Based on this structure, the collaborative identified two critical paid staff roles. An executive coordinator would attend all key meetings and keep everyone informed, bring other relevant organizations into the fold, and disseminate information on the collaborative’s progress to the broader New Britain community. And an operational coordinator would support the project work groups, help analyze data on the collaborative’s progress, and prepare reports to funders. Both staff members would report to the chair of the Blueprint Leadership Team. Additionally, the funders paid for a technical assistance team—two consultants skilled in organizational development and community building—to assist the collaborative on an ongoing basis.

Cultural differences had stalled several programs in the past, so the collaborative developed mechanisms for community engagement. It actively recruited members of the New Britain community who had not participated in the collaborative—especially from the Hispanic, African American, Arab, and Polish communities—to join the new teams.
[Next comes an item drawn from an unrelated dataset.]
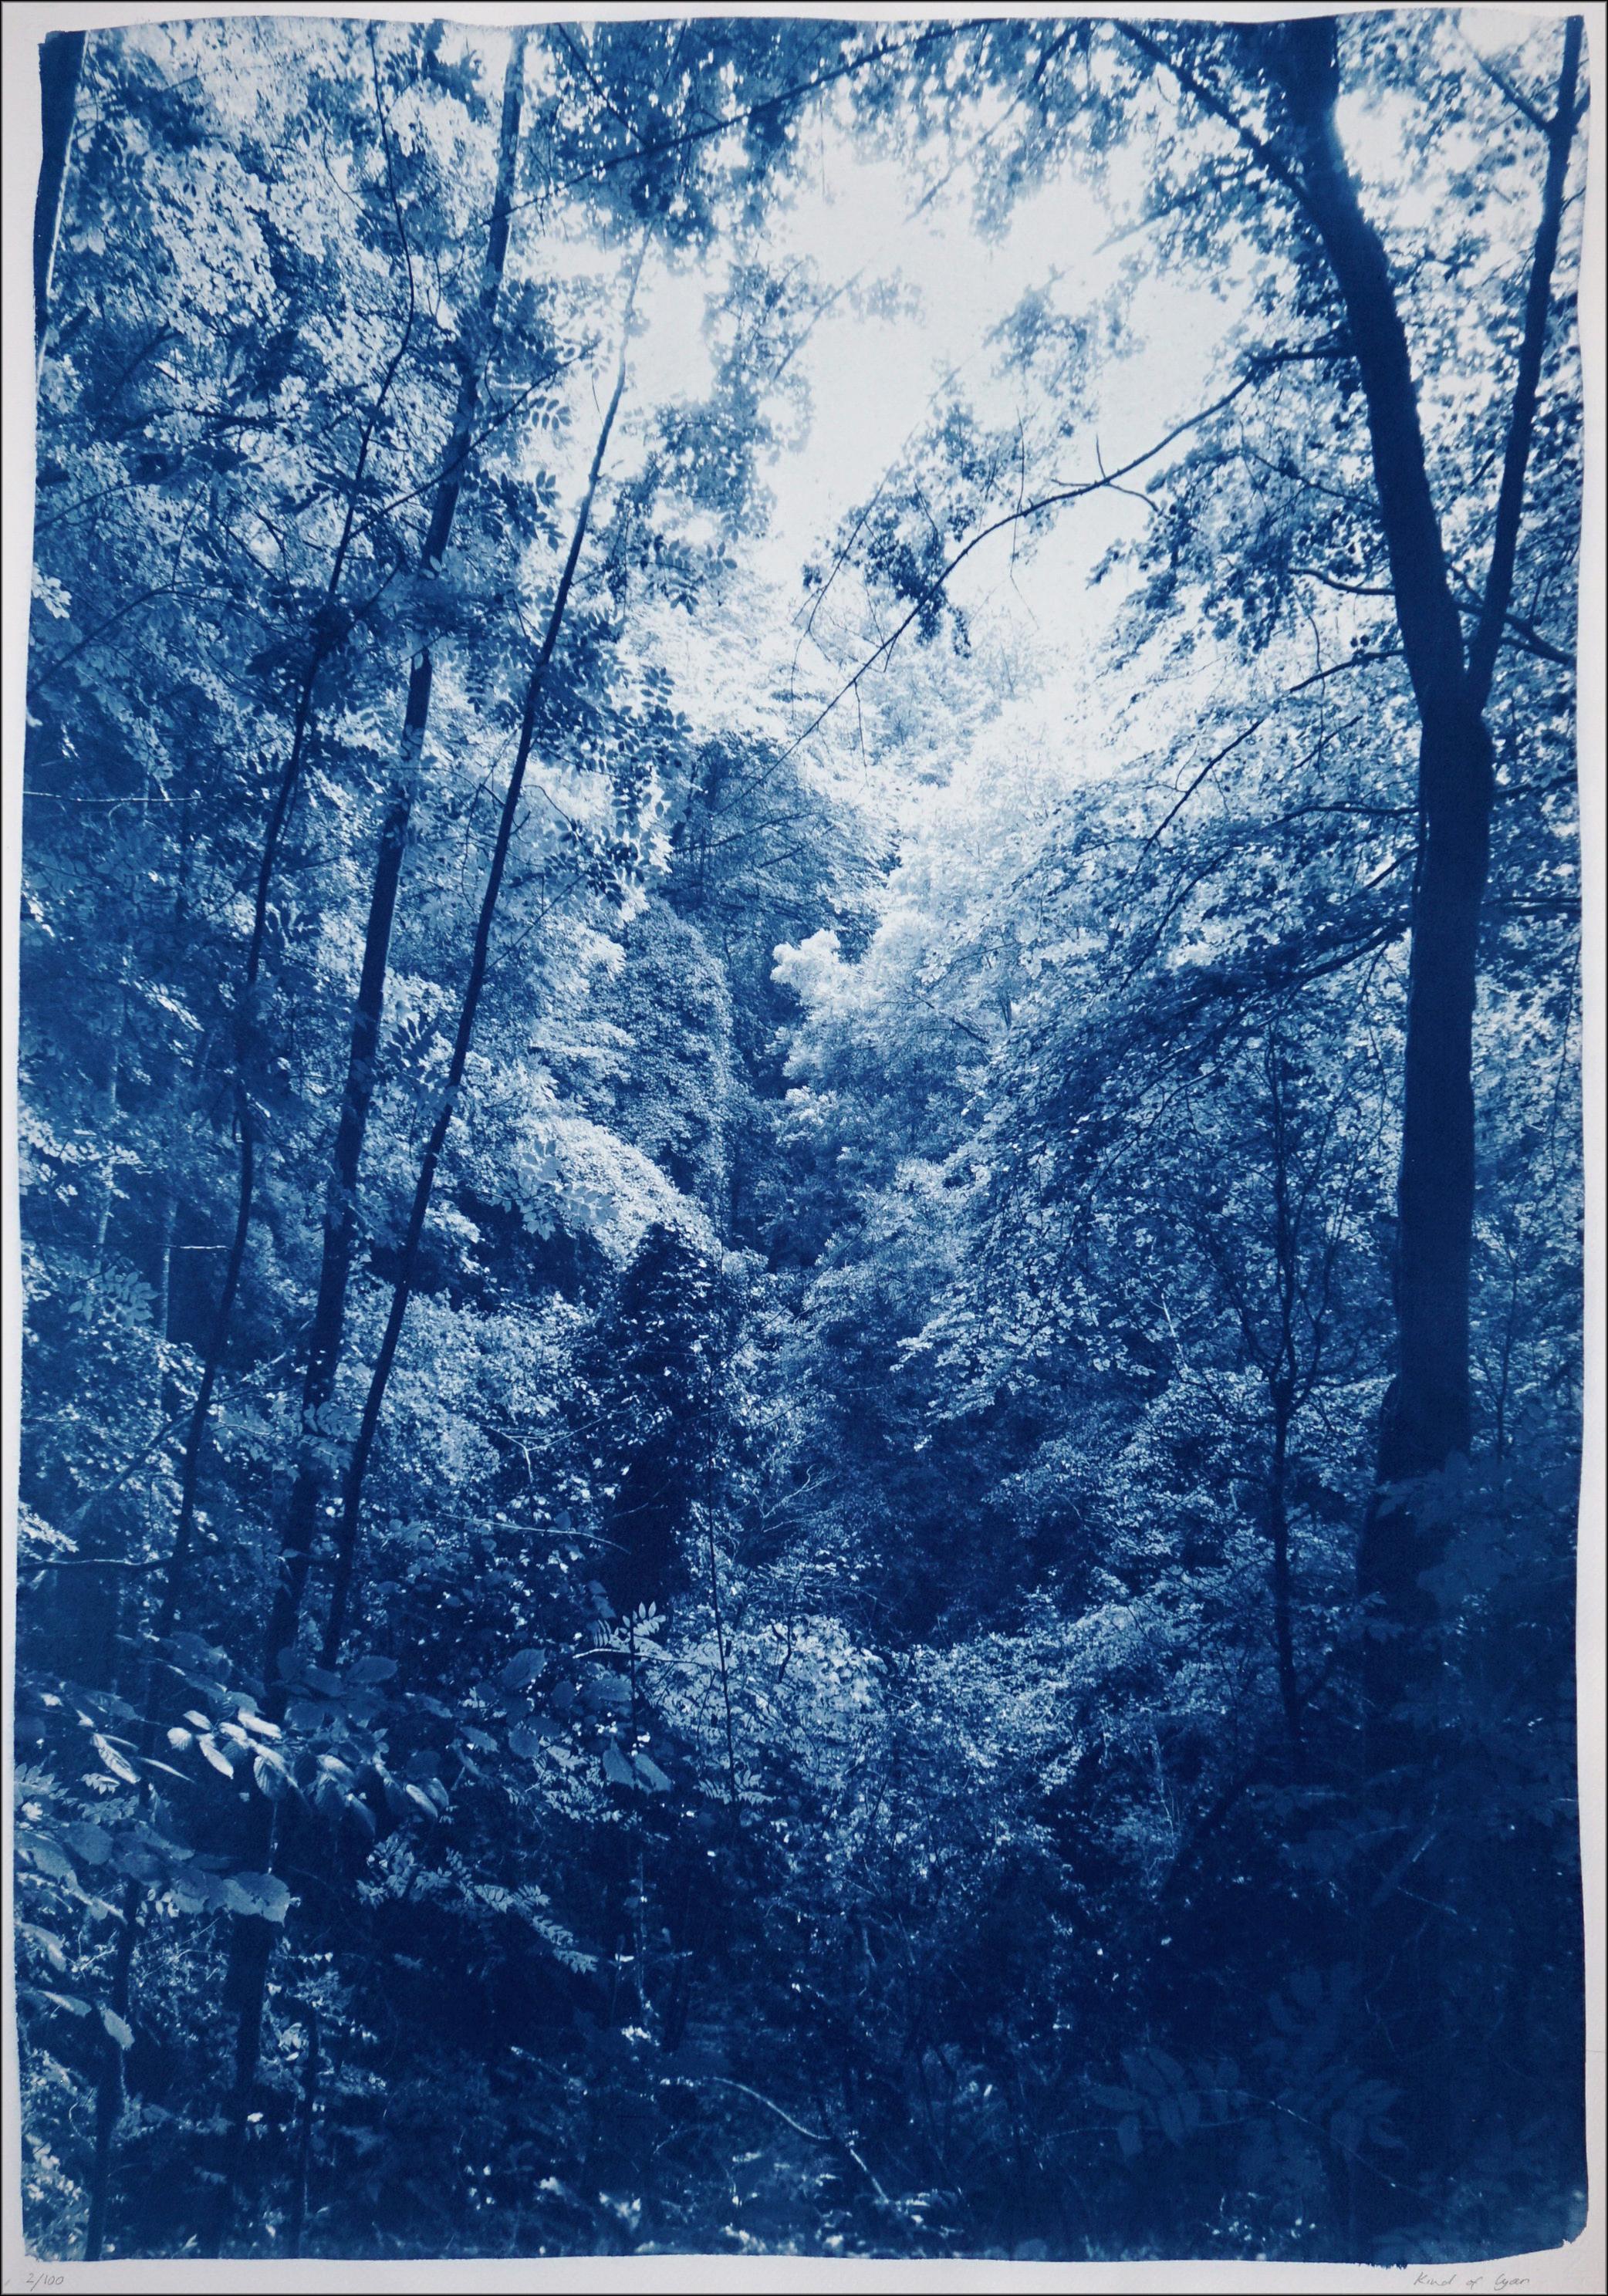 Légère lumière dans les bois, paysage forestier, tons bleus, impression cyanotype faite à la main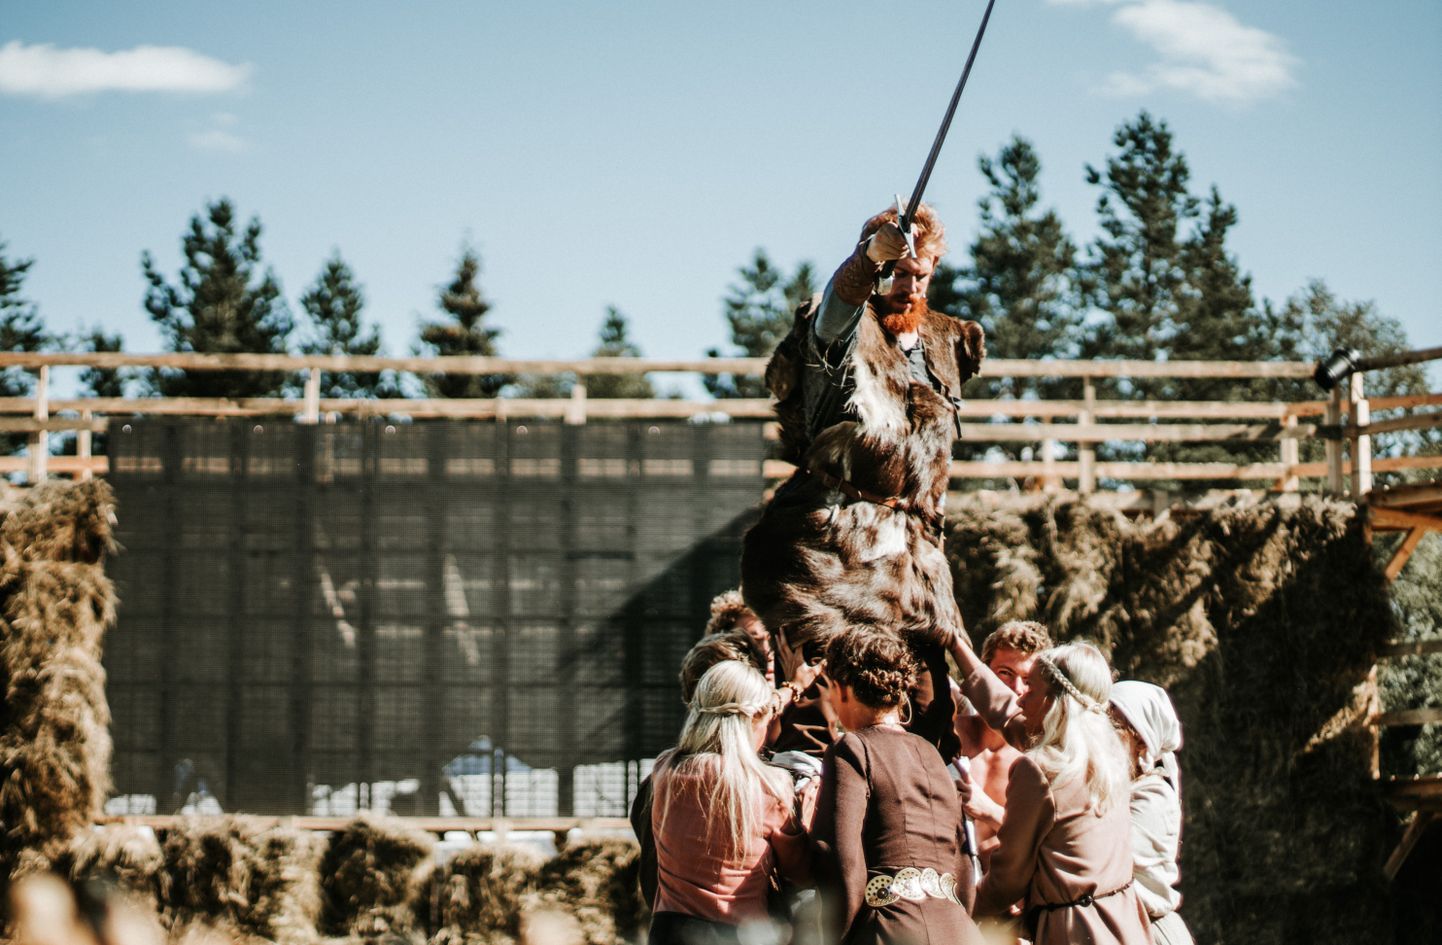 Lõhavere linnamäel etendus augustis Peep Maasiku lavastus «Lembitu-kuningas ilma kuningriigita», peaosas Ott Kartau.

It convened ad hoc insight groups from the local community, to provide input on the priorities and approaches of work groups to help make the work relevant and useful to the communities the programs served. And, it planned advisory groups of business and civic leaders who cared about the collaborative’s goals and could provide support and guidance.

The diagram below shows the organizational structure that the collaborative developed, including each of the groups that make up the collaborative and the accountability relationships between them, to make its goals a reality.

 

Implementing this new governance structure helped the collaborative take off. Enthusiasm and energy grew. People were clearer about their roles and what they were there to accomplish. Partnerships with related programs in the community became easier. Community leaders engaged. And people from a broader array of cultures, ethnicities, and social arenas became more active in the work. While accomplishing the collaborative’s ultimate goal would still take time, they had turned a corner on a path to achieving meaningful results.